PROBLEM DETAILS: What you write must match, character for character, the lines from the one with "Marcia Dillick, 1941." down to the one with "Five Finger Death" in the listing below, minus its pictures.

INFORMATION SUPPLIED:
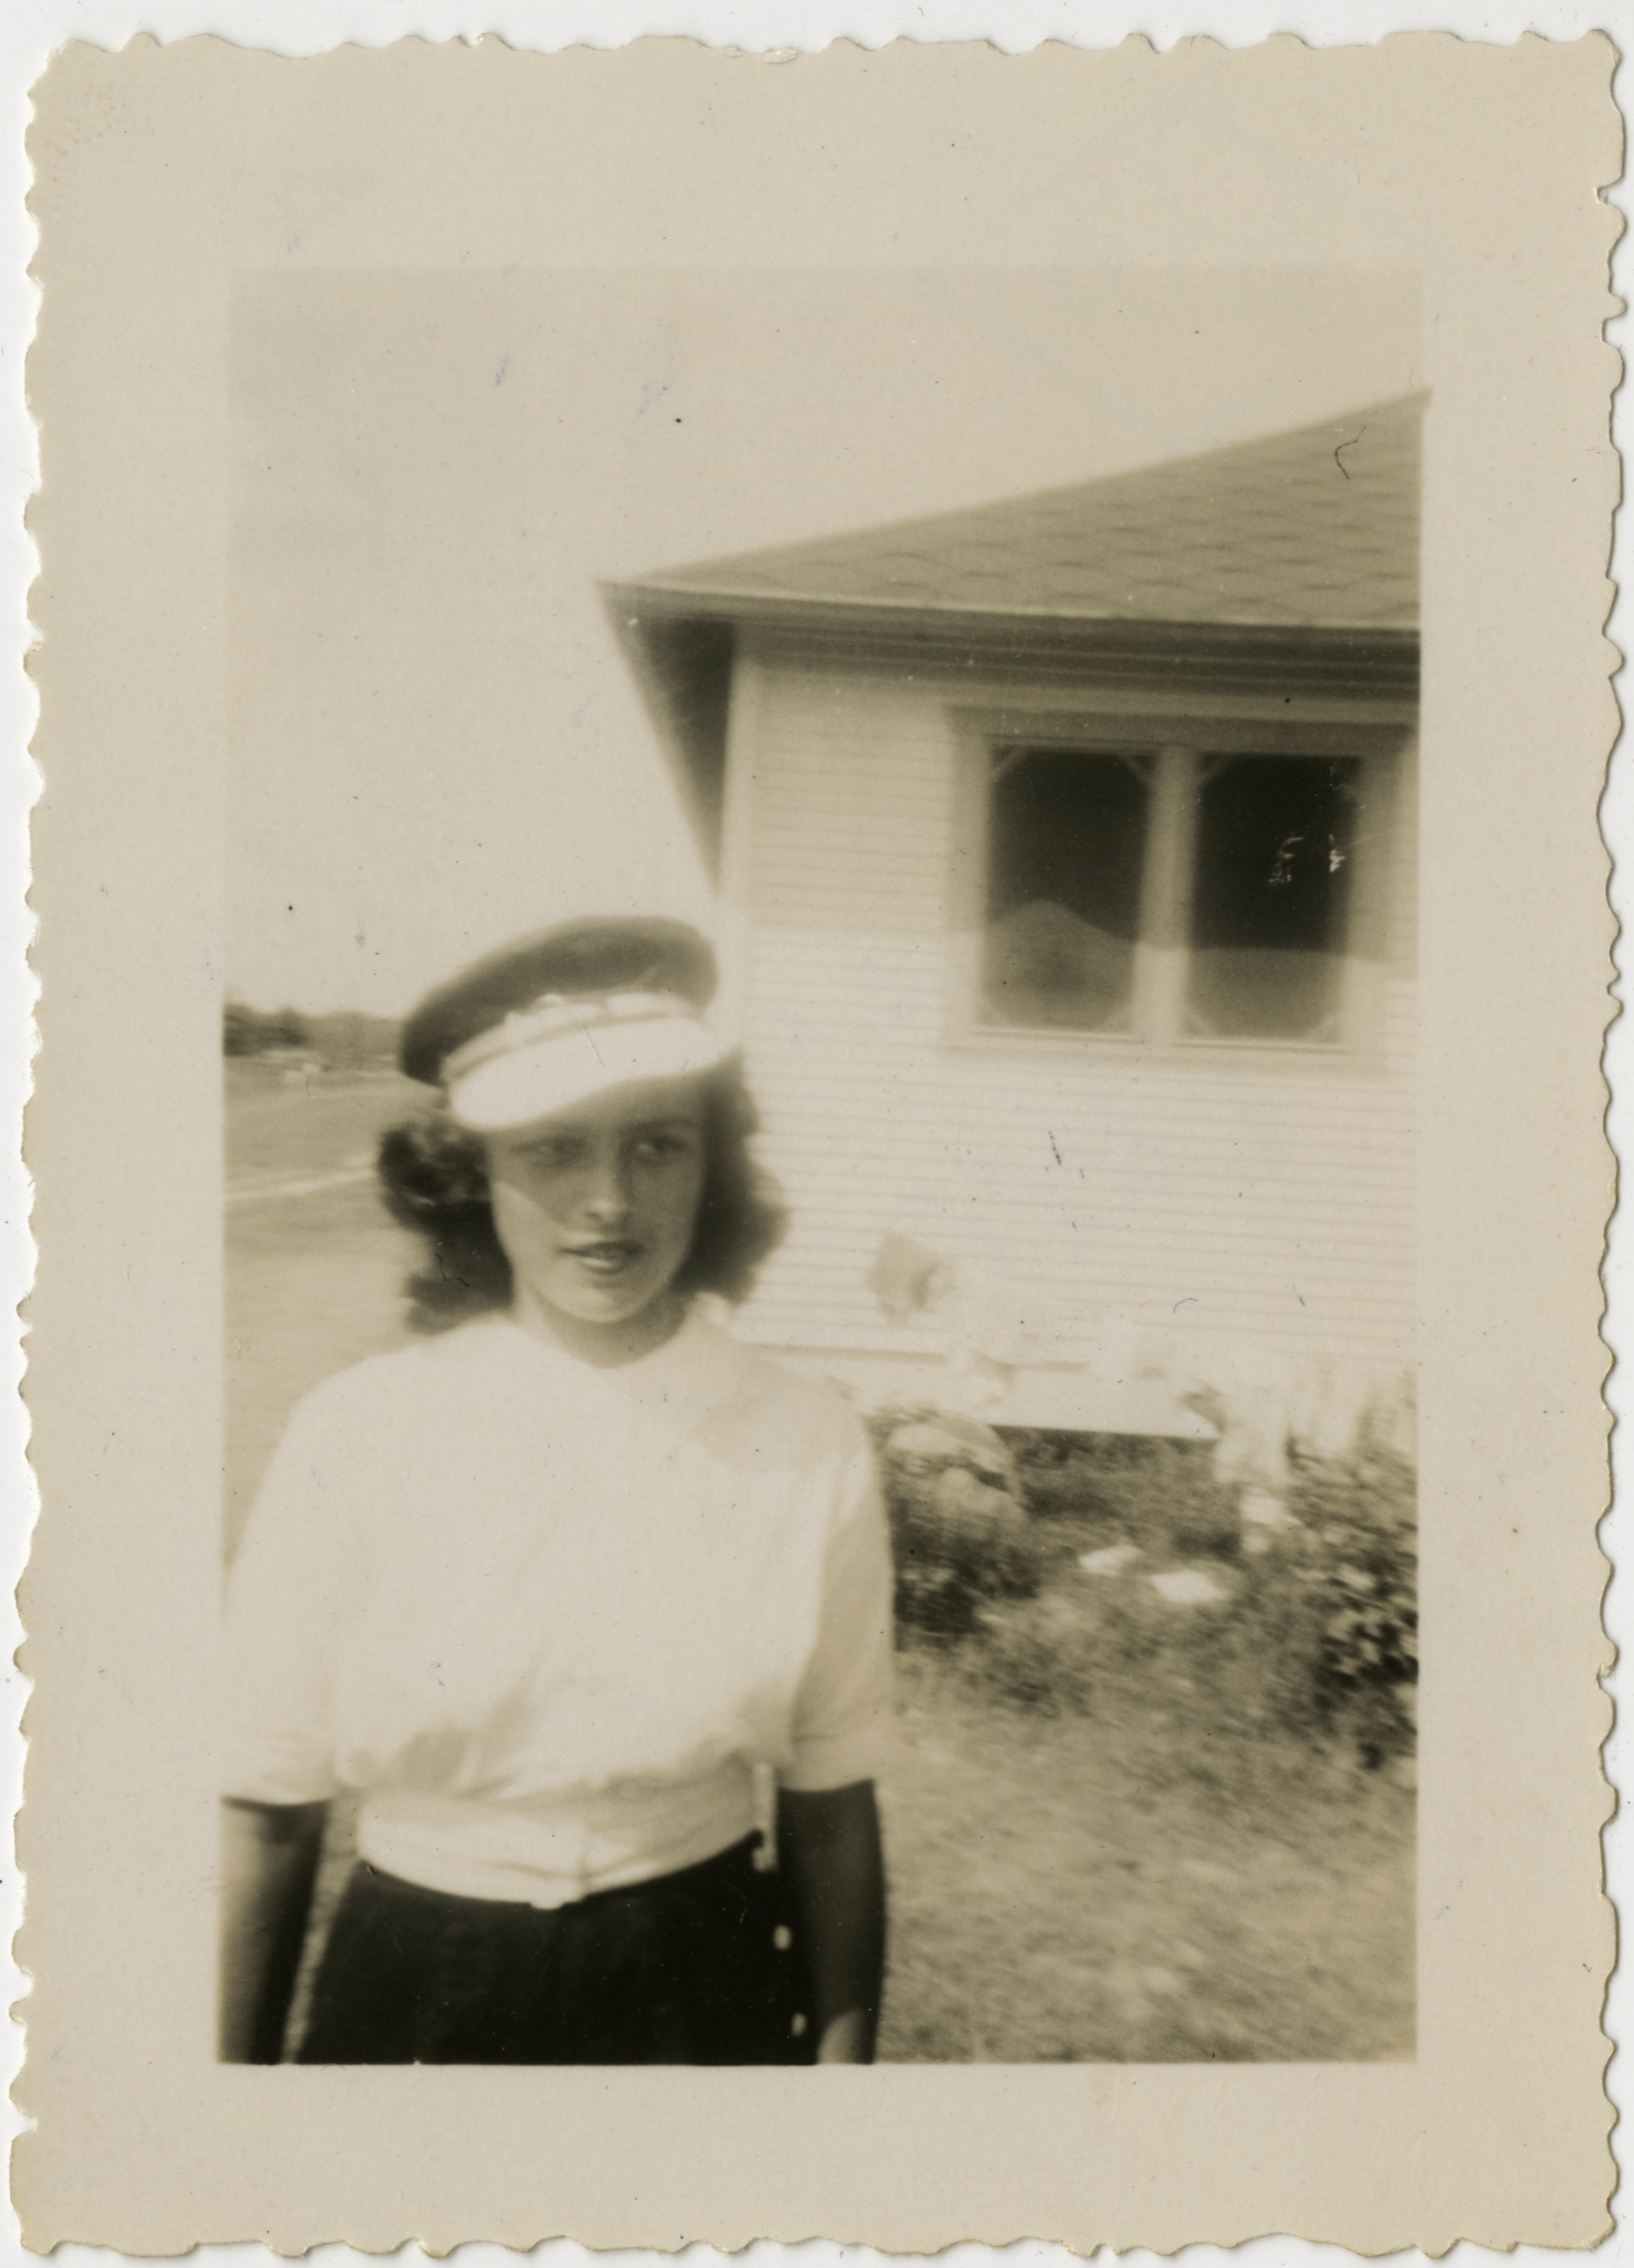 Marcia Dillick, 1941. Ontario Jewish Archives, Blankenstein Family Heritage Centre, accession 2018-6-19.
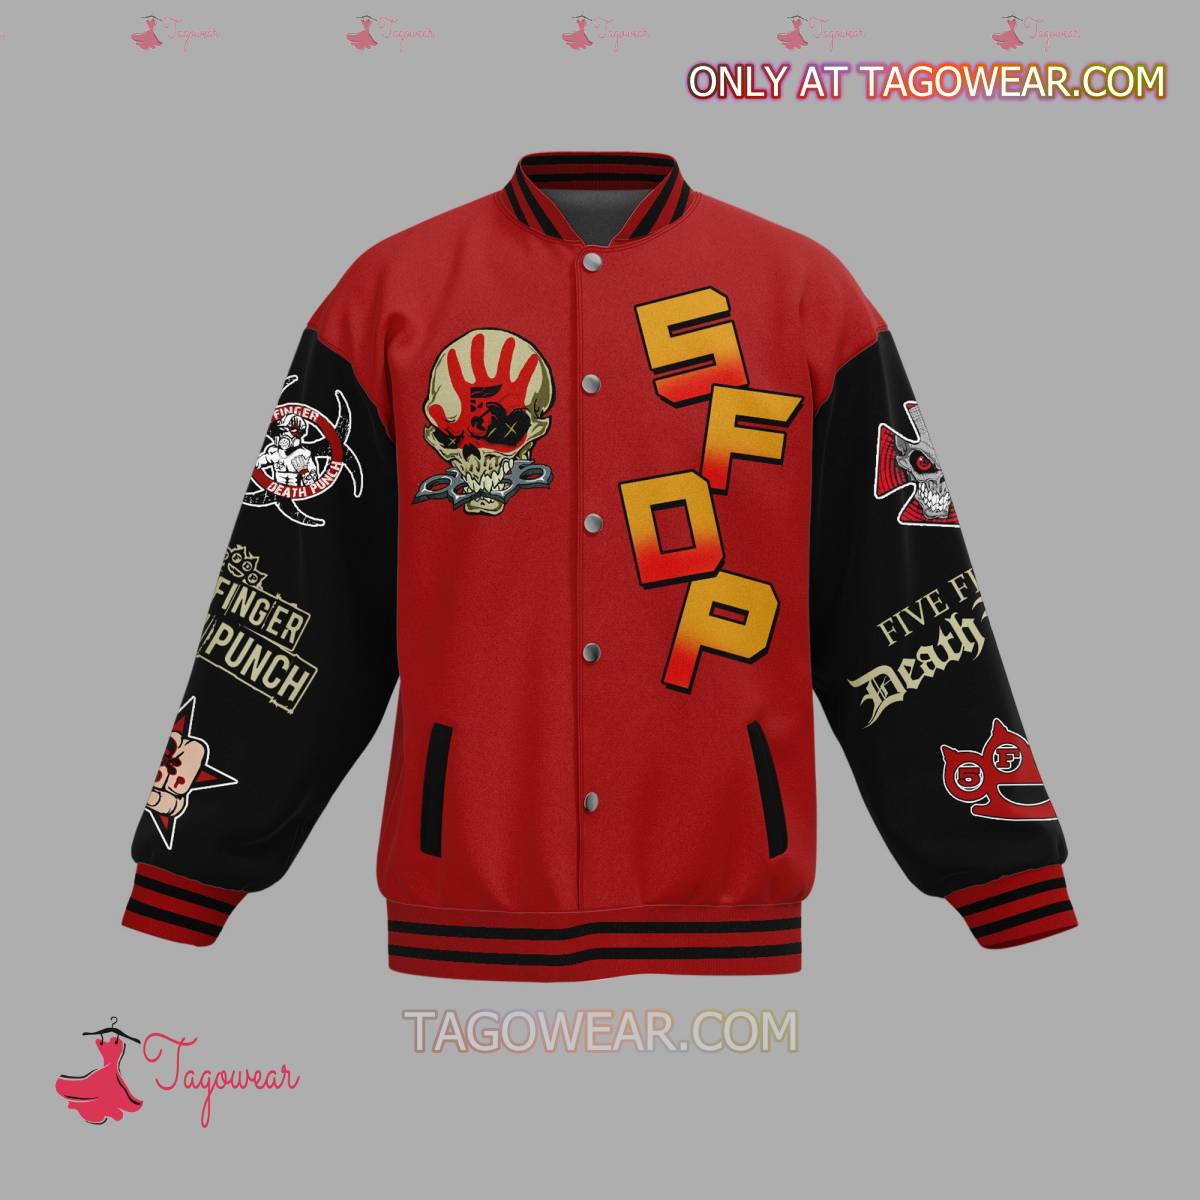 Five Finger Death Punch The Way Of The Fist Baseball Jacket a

...

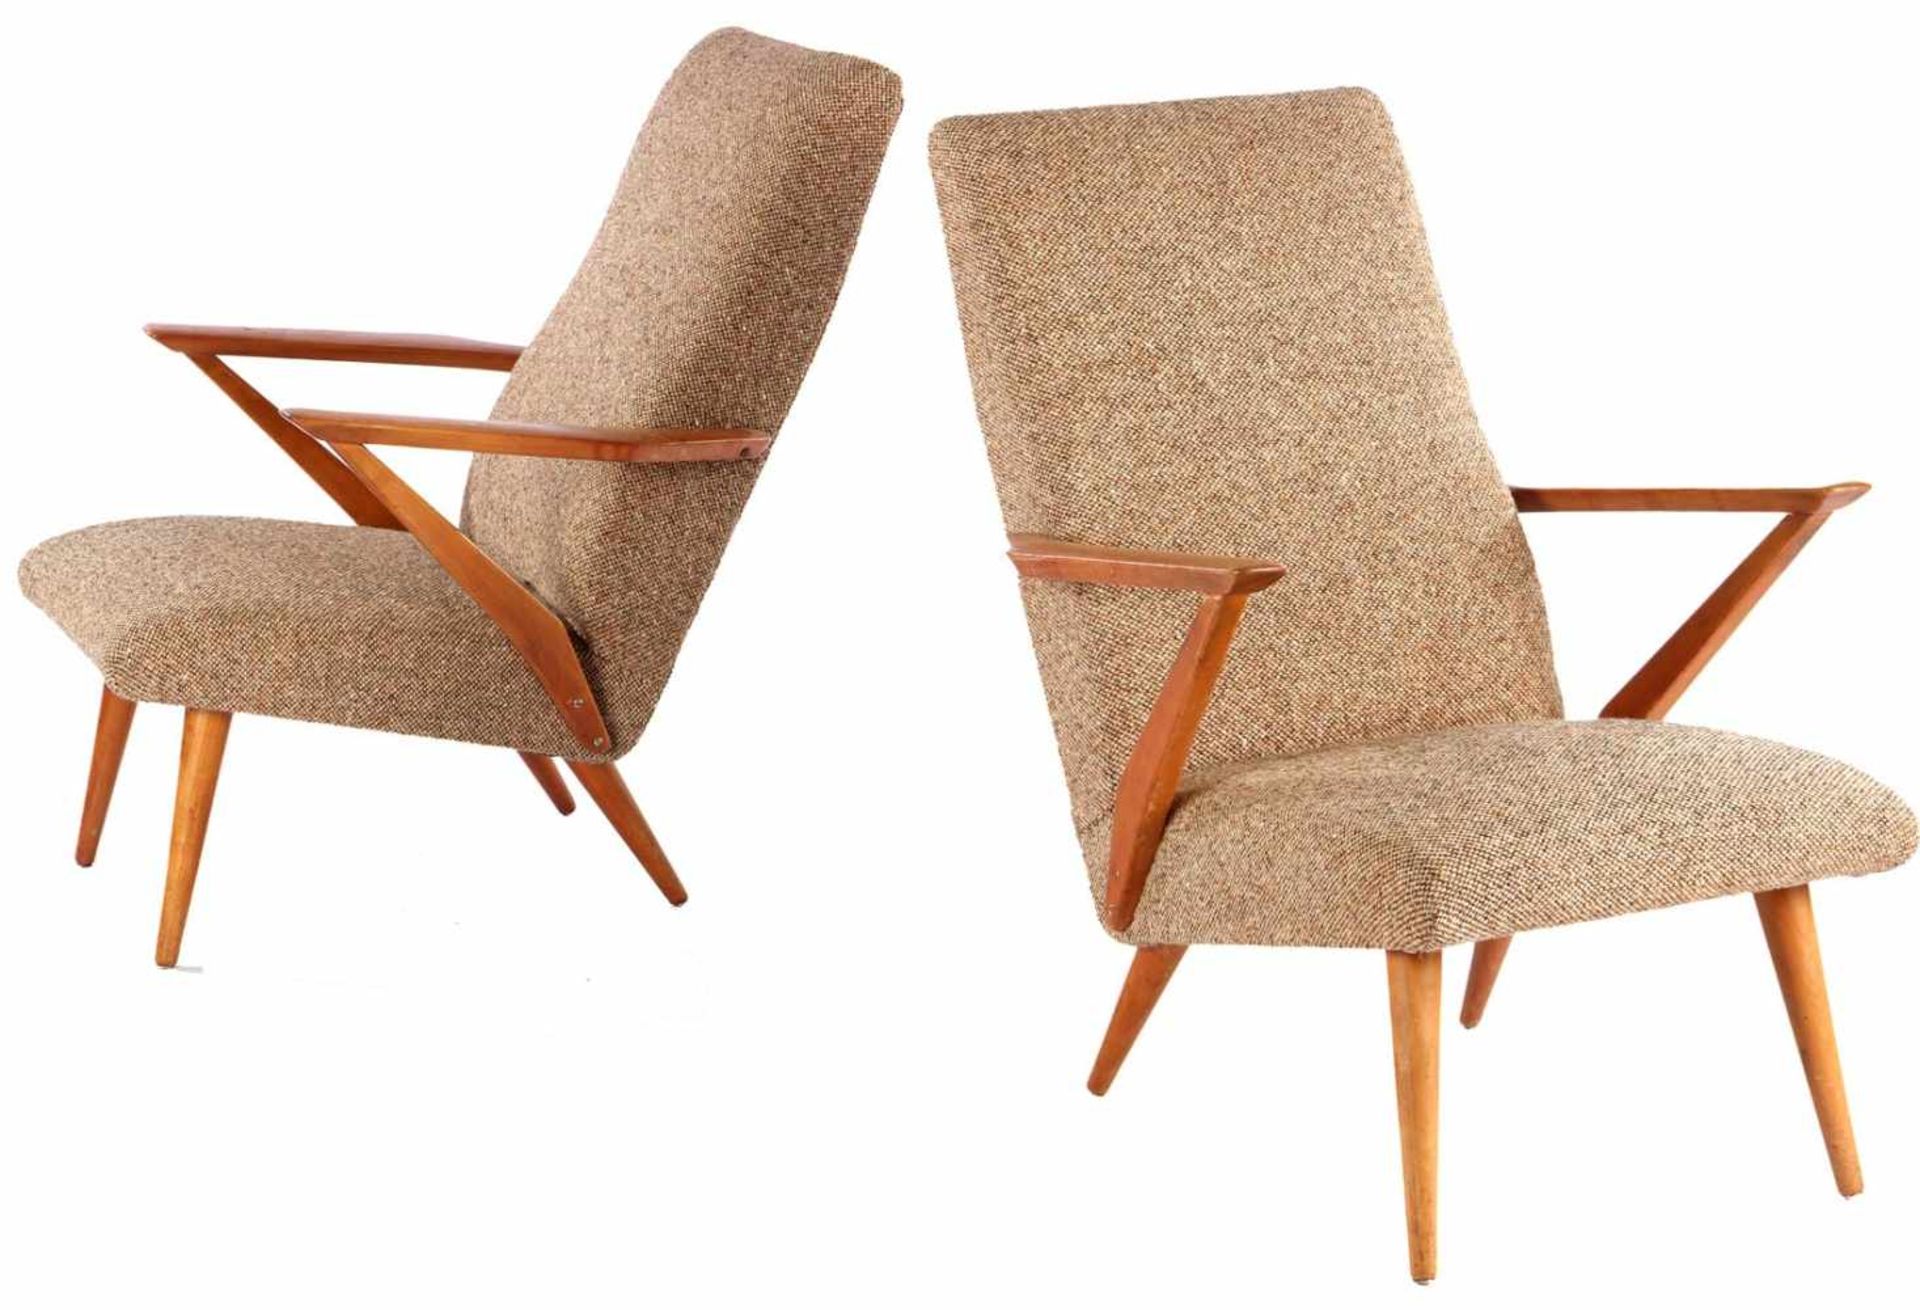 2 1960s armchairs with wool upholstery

...

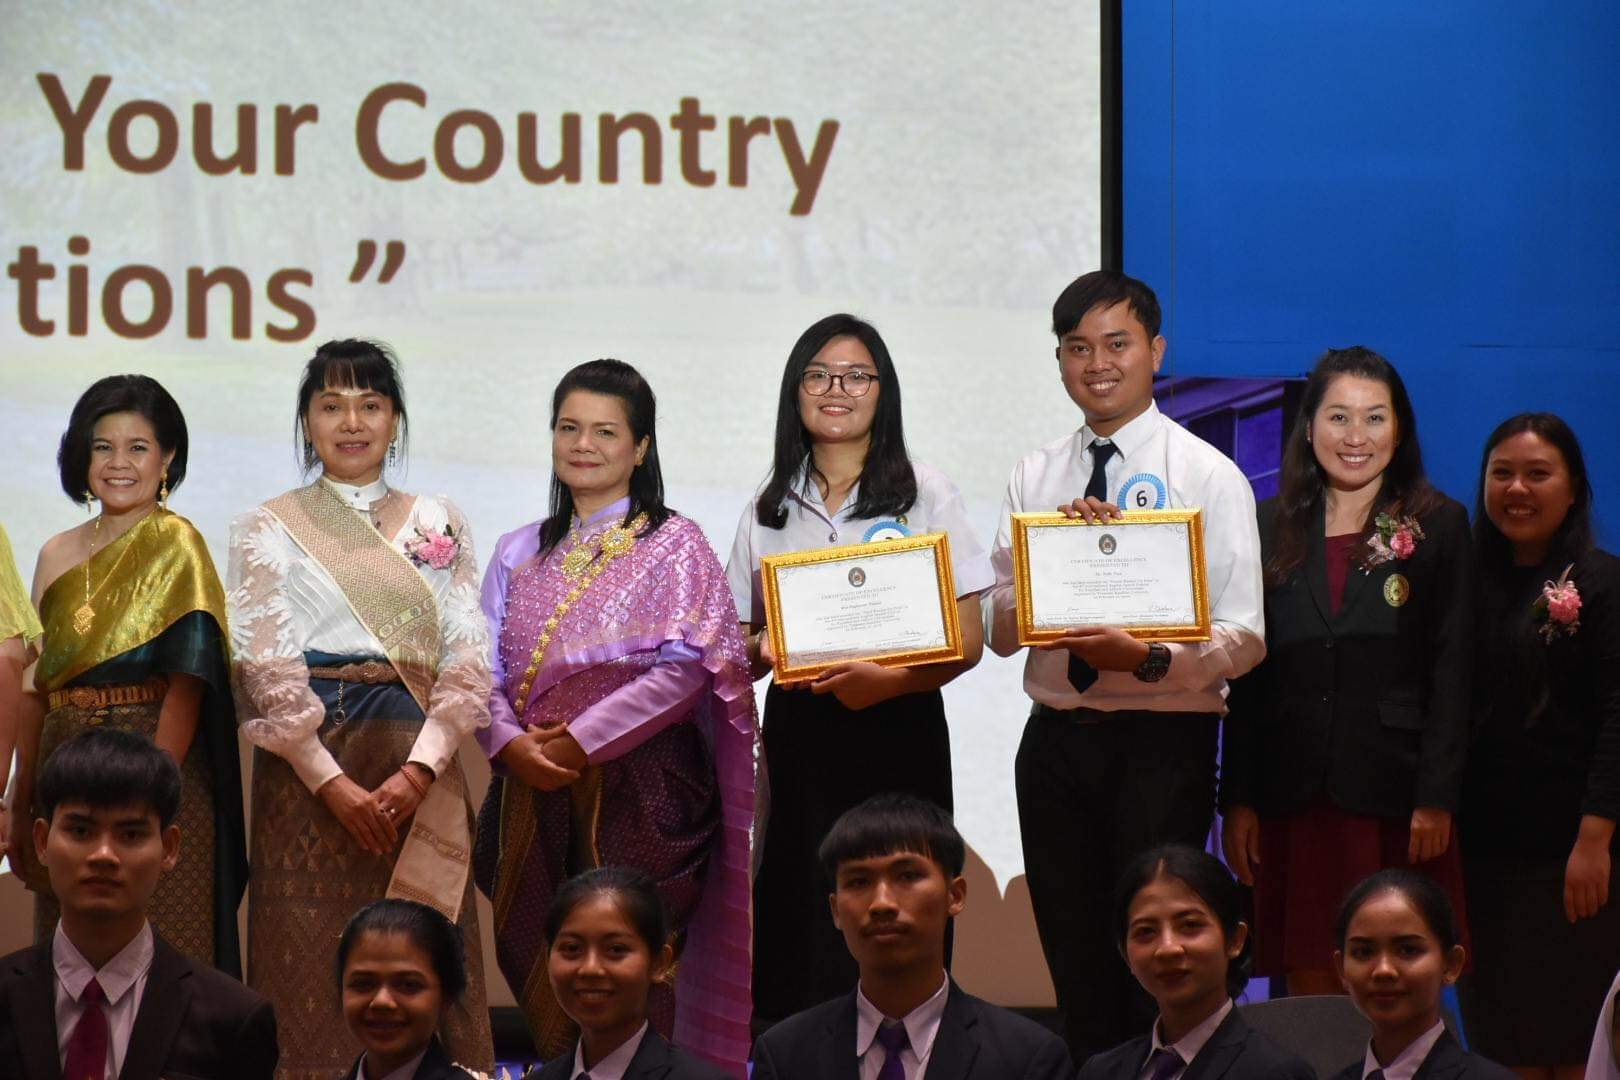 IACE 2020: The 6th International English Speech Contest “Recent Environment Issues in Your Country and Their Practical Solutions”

TASK ANSWER:
 Marcia Dillick, 1941. Ontario Jewish Archives, Blankenstein Family Heritage Centre, accession 2018-6-19.
 Five Finger Death Punch The Way Of The Fist Baseball Jacket a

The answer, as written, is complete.